I.--MEAT, POULTRY, ETC.

_To make Dutch-beef_:--Take the lean part of a buttock of beef raw;
rub it well with brown sugar all over, and let it lie in a pan or tray
two or three hours, turning it three or four times; then salt it well
with common salt and salt-petre, and let it lie a fortnight, turning
it every day; then roll it very strait in a coarse cloth, and put it
in a cheese-press a day and a night, and hang it to dry in a chimney.
When you boil it, you must put it in a cloth: when 'tis cold, it will
cut out into shivers as Dutch-beef.

_To dry Mutton to cut out in Shivers as Dutch-Beef_:--Take a middling
leg of mutton, then take half a pound of brown sugar, and rub it hard
all over your mutton, and let it lie twenty-four hours; then take an
ounce and half of saltpetre, and mix it with a pound of common salt,
and rub that all over the mutton every other day, till 'tis all on,
and let it lie nine days longer; keep the place free from brine, then
hang it up to dry three days, then smoke it in a chimney where wood is
burnt; the fire must not be too hot; a fortnight will dry it.
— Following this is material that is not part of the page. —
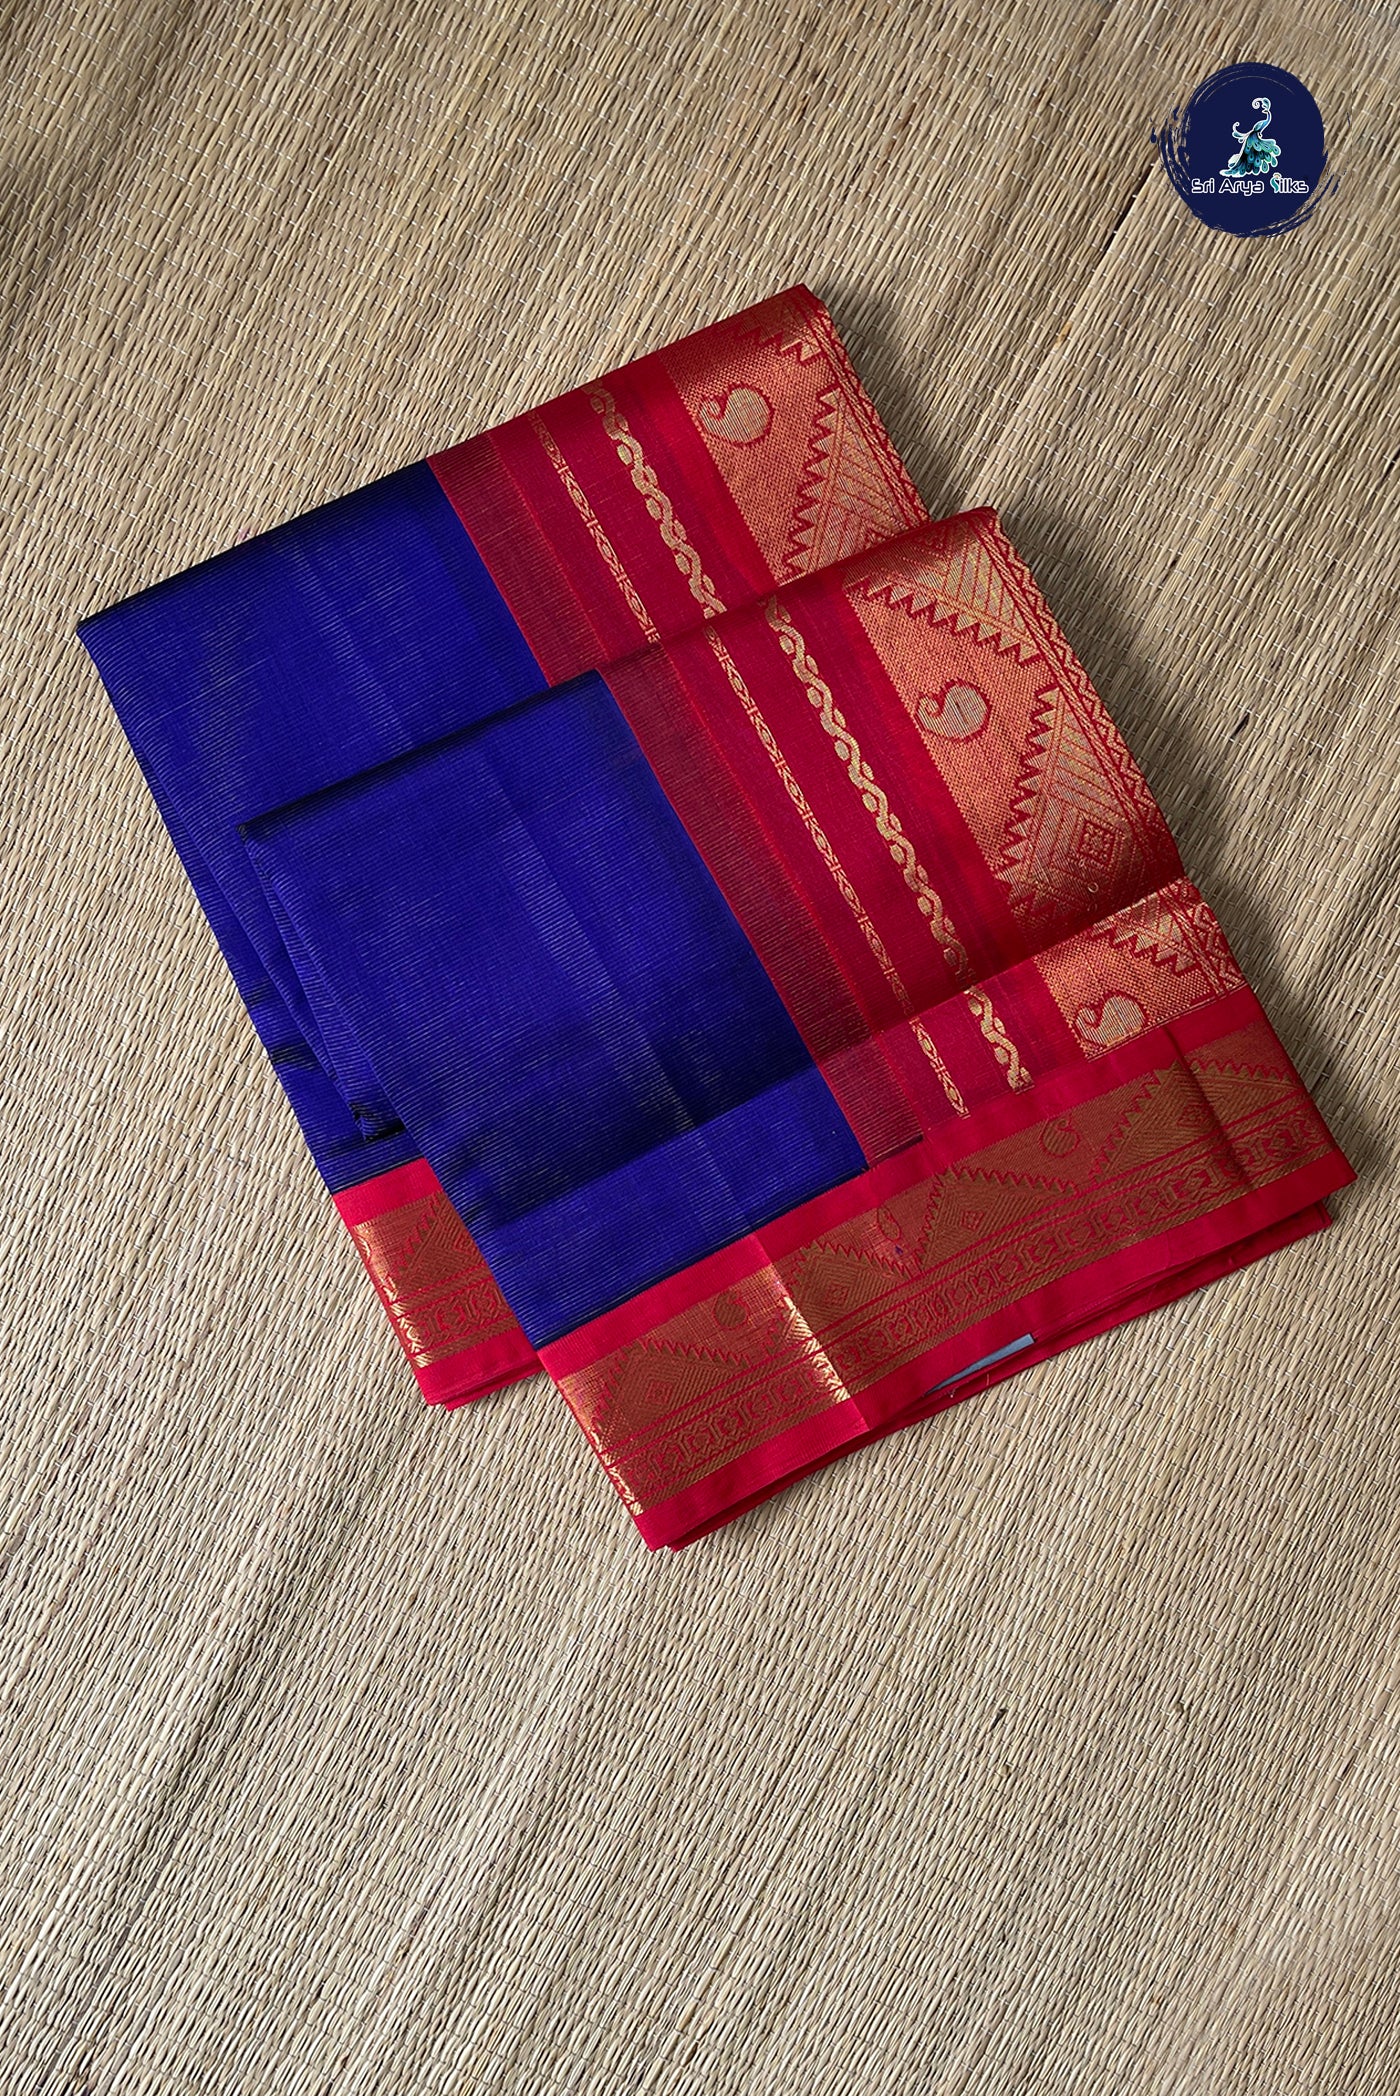 MS Blue Vaira Oosi Silk Cotton Saree With Vaira Oosi Pattern

Boil
it like other hams, and when 'tis cold, cut it out in shivers like
Dutch-beef.

_To stuff a Shoulder or Leg of Mutton with Oysters_:--Take a little
grated bread, some beef-suet, yolks of hard eggs, three anchovies,
a bit of an onion, salt and pepper, thyme and winter-savoury, twelve
oysters, some nutmeg grated; mix all these together, and shred them
very fine, and work them up with raw eggs like a paste, and stuff your
mutton under the skin in the thickest place, or where you please, and
roast it; and for sauce take some of the oyster-liquor, some claret,
two or three anchovies, a little nutmeg, a bit of an onion, the rest
of the oysters: stew all these together, then take out the onion, and
put it under the mutton.

_To marinade a Leg of Lamb_:--Take a leg of lamb, cut it in pieces the
bigness of a half-crown; hack them with the back of a knife; then take
an eschalot, three or four anchovies, some cloves, mace, nutmeg, all
beaten; put your meat in a dish, and strew the seasoning over it, and
put it in a stew-pan, with as much white-wine as will cover it, and
let it be two hours; then put it all together in a frying-pan, and let
it be half enough; then take it out and drain it through a colander,
saving the liquor, and put to your liquor a little pepper and salt,
and half a pint of gravy; dip your meat in yolks of eggs, and fry it
brown in butter; thicken up your sauce with yolks of eggs and
butter, and pour it in the dish with your meat: lay sweet-breads and
forc'd-meat balls over your meat; dip them in eggs, and fry them.
Garnish with lemon.

_A Leg of Mutton a-la-Daube_:--Lard your meat with bacon through, but
slant-way; half roast it; take it off the spit, and put it in a small
pot as will boil it; two quarts of strong broth, a pint of white-wine,
some vinegar, whole spice, bay-leaves, green onions, savoury,
sweet-marjoram; when 'tis stew'd enough, make sauce of some of the
liquor, mushrooms, lemon cut like dice, two or three anchovies:
thicken it with browned butter. Garnish with lemon.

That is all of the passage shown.